Petar Radaković

Personal information
- Date of birth: 22 February 1937
- Place of birth: Fiume, Kingdom of Italy
- Date of death: 1 November 1966 (aged 29)
- Place of death: Rijeka, SR Croatia, SFR Yugoslavia
- Position: Midfielder

Youth career
- 1952–1954: Kvarner

Senior career*
- Years: Team / Apps / (Gls)
- 1954–1966: Rijeka / 208 / (30)

International career
- 1960–1961: Yugoslavia B / 2 / (0)
- 1961–1964: Yugoslavia / 19 / (3)

= Petar Radaković =

Croatian footballer

Petar Radaković (22 February 1937 – 1 November 1966) was a Yugoslav football player. He had 19 caps for Yugoslavia. He is famous for scoring the winning goal in the 1962 World Cup quarter-final win against Germany (1–0).

He spent his whole career playing for NK Rijeka and is considered a legend at the club.

He died from a heart attack during training, age 29.

==Club career==
Radaković started playing football in his hometown club NK Rijeka, then called NK Kvarner, in 1952. Radaković made his first appearance for the senior team on 13 August 1954 in a Cup match against NK Lokomotiva in which he scored a goal with the match ending 5–1.

During his first five seasons, Rijeka gained promotion from Third to First League. In 1959, he played in Rijeka's first semi-final match. They lost 2–0 to Red Star Belgrade. In the 1960-61 season, Radaković was named the best player of NK Rijeka and the best right winger in Yugoslavia. He was also named the best right winger in Yugoslavia in 1962 and 1963.

Even though he had offers from many Belgrade clubs who were dominating the First League at the time he stayed at Rijeka.
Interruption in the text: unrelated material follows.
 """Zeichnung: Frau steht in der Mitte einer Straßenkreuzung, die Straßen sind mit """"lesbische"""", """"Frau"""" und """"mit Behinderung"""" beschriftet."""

Radaković made 408 appearances for the club scoring 68 goals. Radaković was Rijeka's first national team player and first player to appear in the FIFA World Cup. He holds the record for the fastest scored goal in the club's history; three seconds.

==Death==
Radaković first started having heart problems during a ten-day tour of West Germany in the spring of 1963. Two years later, in the spring of the 1964–65 season, by the physician's recommendations he took some time to rest. After three months, he returned to the field in the last game of the season against Red Star Belgrade. But the match was turned out to be too early for him to play after the match he had to undergo intensive treatment, examinations and therapies. The first match in 1966–67 season against Željezničar at Kantrida, marked his return. His first two matches of the season went by without an incident but on the third, against Hajduk, his heart could not endure and he himself asked to be substituted after only 25 minutes of the match. But he continued to train, was persistent and did not believe the doctors when they said he would no longer be able to run on the field, enjoy the atmosphere of the game, hear the applause from the stands.
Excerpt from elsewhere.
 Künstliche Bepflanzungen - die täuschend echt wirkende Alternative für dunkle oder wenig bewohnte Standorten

On 1 November 1966, Radaković died of a heart attack during training. He was buried at Trsat cemetery on 2 November 1966 in front of 15,000 people.

==International career==
From 1959 to 1961, he was called up for the Yugoslavia U-21 team and Yugoslavia B team.

He made his debut for Yugoslavia on 18 June 1961 against Morocco. He made 19 appearances and scored 3 goals. He played at the 1962 FIFA World Cup where Yugoslavia finished in fourth place His final international was a September 1964 friendly away against Austria.

===International appearances===

Yugoslavia national team
| Year | Apps | Goals |
| 1961 | 8 | 2 |
| 1962 | 8 | 1 |
| 1963 | 2 | 0 |
| 1964 | 1 | 0 |
| Total | 19 | 3 |

===International goals===

| Goal | Date | Venue | Opponent | Score | Result | Competition |
|---|---|---|---|---|---|---|
| 1 | 8 October 1961 | JNA Stadium, Belgrade | South Korea | 4 – 1 | 5 – 1 | FIFA World Cup qualifiers |
| 2 | 7 December 1961 | Senayan Main Stadium, Central Jakarta | Indonesia | 0 – 1 | 1 – 5 | Friendly |
| 3 | 10 June 1962 | Estadio Nacional, Santiago | West Germany | 1 – 0 | 1 – 0 | 1962 FIFA World Cup |

==Honours==
===Rijeka===
- Yugoslav Second League (1): 1957–58

===Individual===
- NK Rijeka player of the season: 1960–61
- Best Right winger in Yugoslavia: 1961, 1962, 1963
- Rijeka sportsperson of the year: 1962
- NK Rijeka all time XI

==Tribute==
Since 1969 NK Rijeka has hosted a youth tournament as a tribute to the player named Memorijal Petar Radaković where four youth clubs compete every year. In 1972 NK Rijeka opened its youth academy and named it after the Youth football academy Petar Radaković.

Radaković was named in NK Rijeka's all time XI in 2008 by Marinko Lazzarich and in 2011 by Novi list.

During May 2012, Armada Rijeka, NK Rijeka's fans, created a mural near Stadion Kantrida in his honor.